A geometric object has symmetry if there is an "operation" or "transformation" (technically, an isometry or affine map) that maps the figure/object onto itself; i.e., it is said that the object has an invariance under the transform. For instance, a circle rotated about its center will have the same shape and size as the original circle—all points before and after the transform would be indistinguishable. A circle is said to be symmetric under rotation or to have rotational symmetry. If the isometry is the reflection of a plane figure, the figure is said to have reflectional symmetry or line symmetry; moreover, it is possible for a figure/object to have more than one line of symmetry.

The types of symmetries that are possible for a geometric object depend on the set of geometric transforms available, and on what object properties should remain unchanged after a transform. Because the composition of two transforms is also a transform and every transform has an inverse transform that undoes it, the set of transforms under which an object is symmetric form a mathematical group.

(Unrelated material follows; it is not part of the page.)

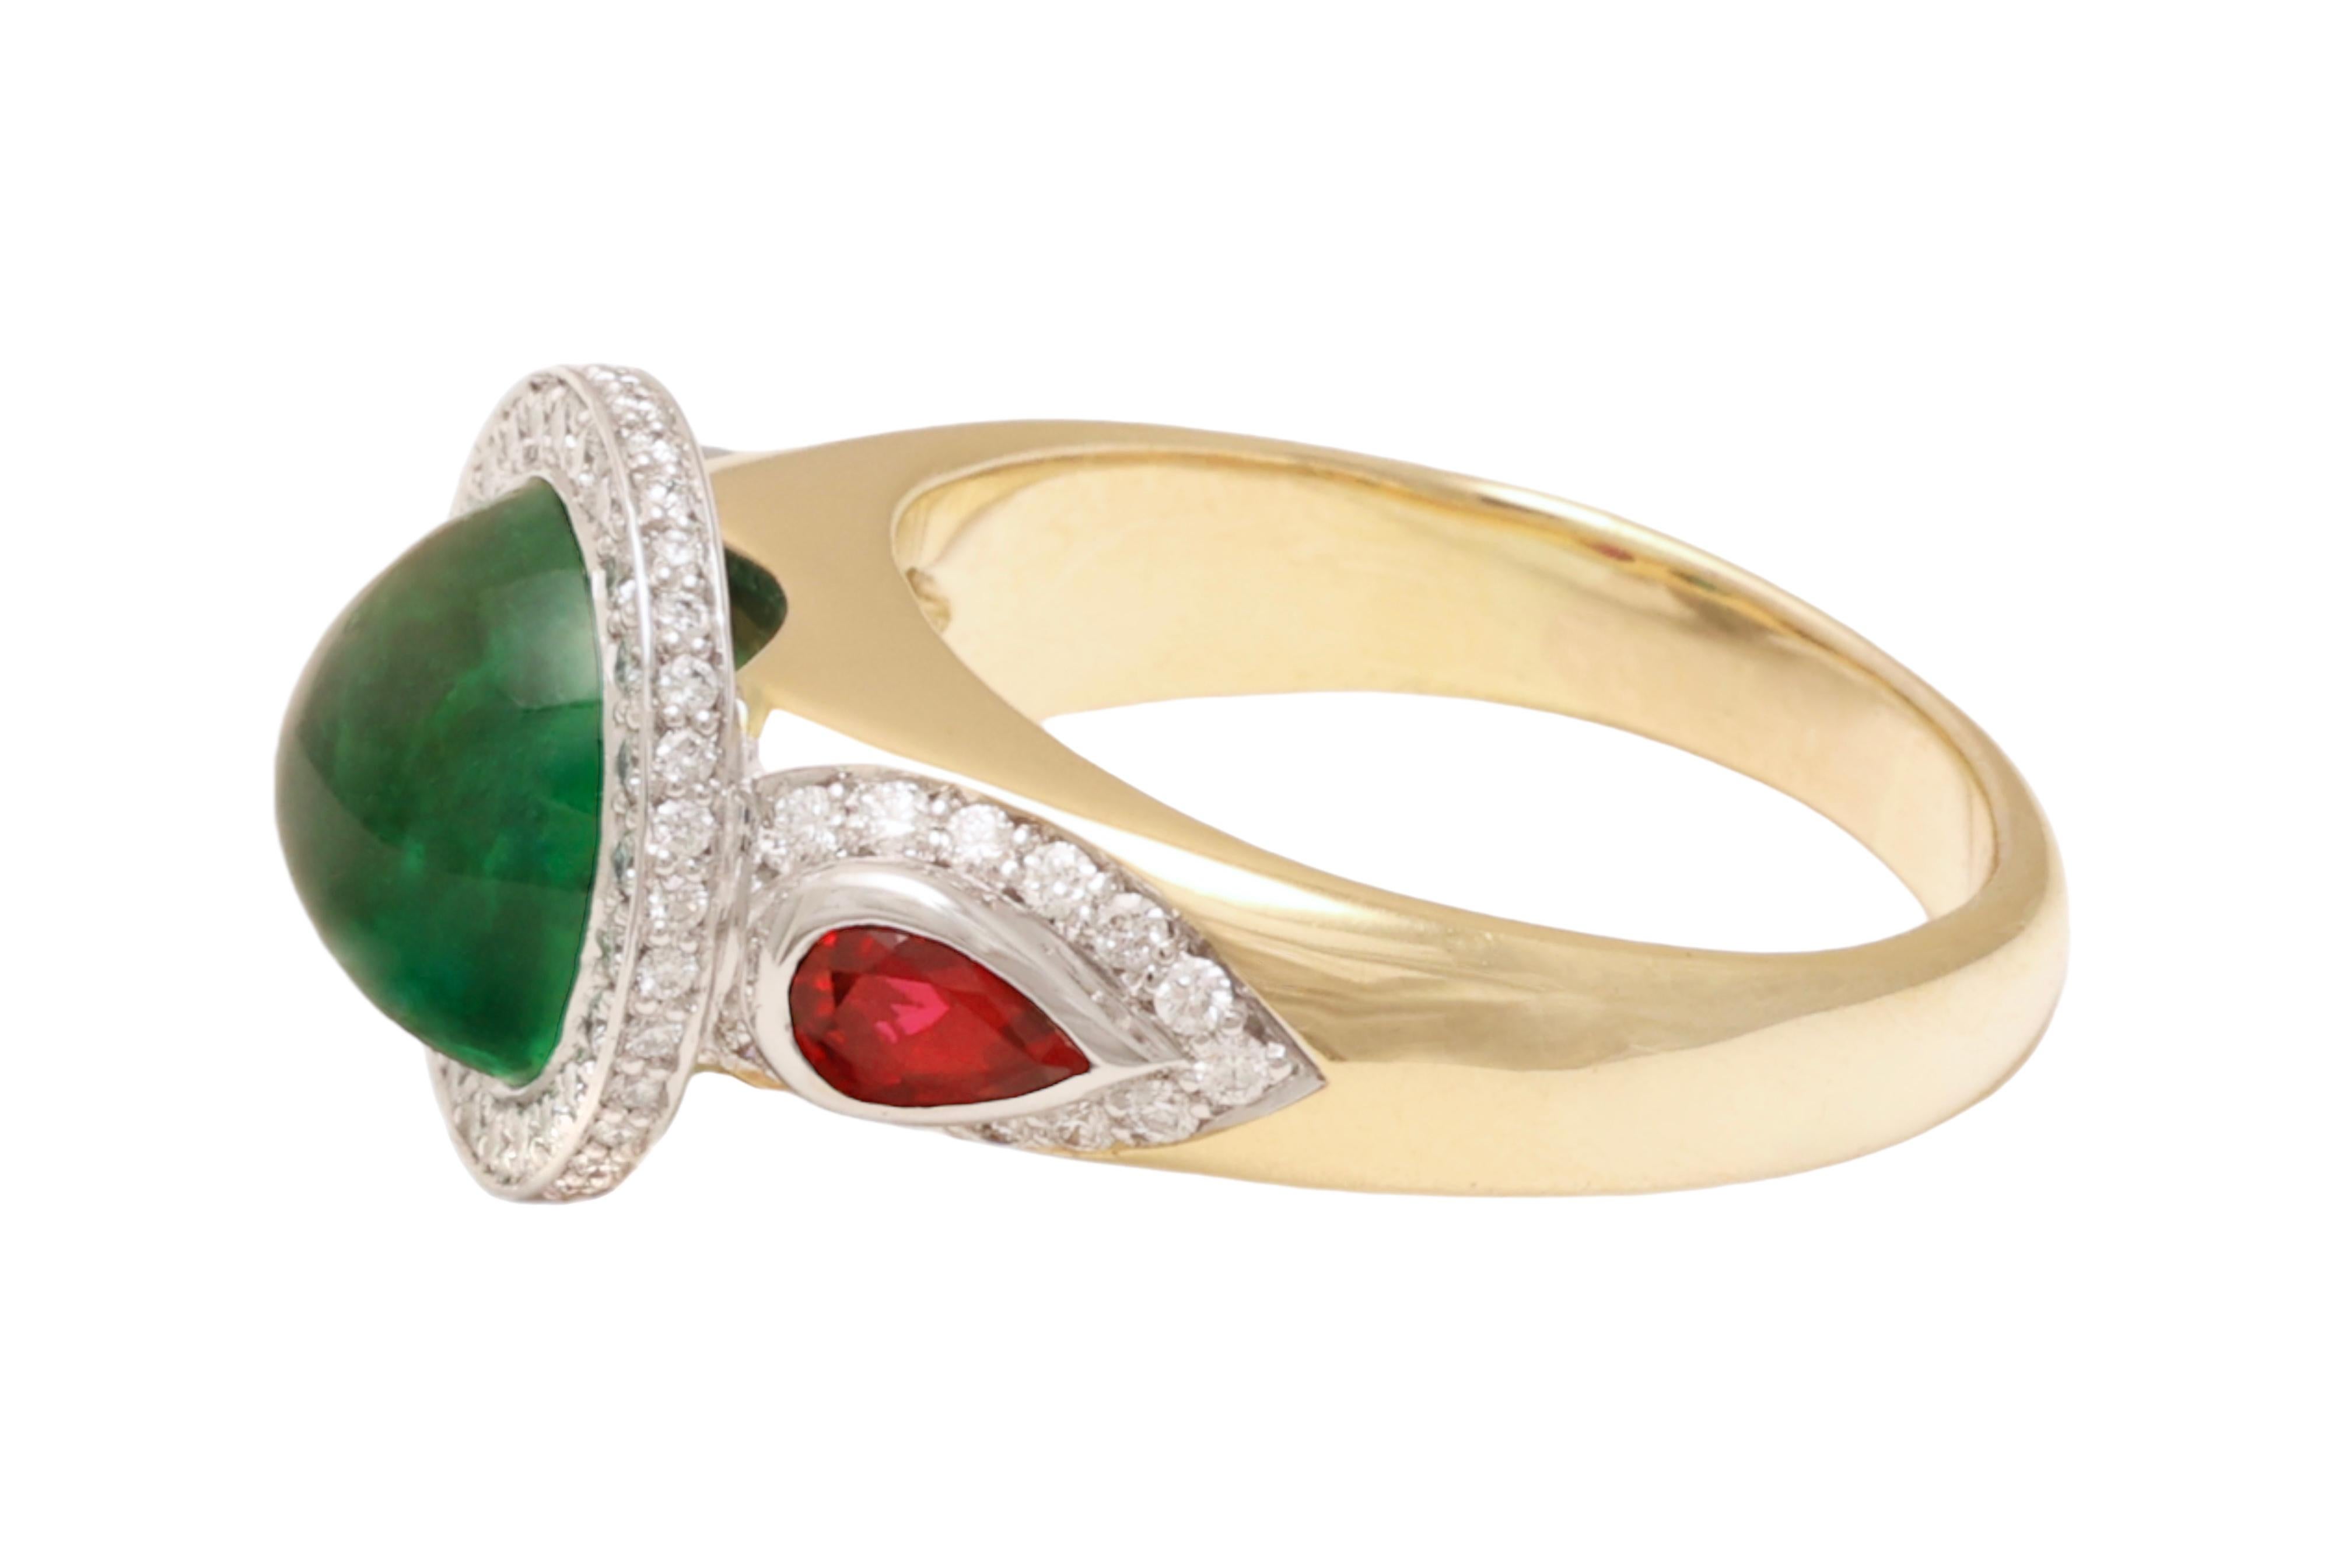 Artisan 18 kt. Gold Ring With 3.78 ct. Minor Emerald Cabochon, Diamonds, Sapphire, Ruby For Sale

The most common group of transforms applied to objects are termed the Euclidean group of "isometries," which are distance-preserving transformations in space commonly referred to as two-dimensional or three-dimensional (i.e., in plane geometry or solid geometry Euclidean spaces). These isometries consist of reflections, rotations, translations, and combinations of these basic operations. Under an isometric transformation, a geometric object is said to be symmetric if, after transformation, the object is indistinguishable from the object before the transformation. A geometric object is typically symmetric only under a subset or "subgroup" of all isometries. The kinds of isometry subgroups are described below, followed by other kinds of transform groups and by the types of object invariance that are possible in geometry.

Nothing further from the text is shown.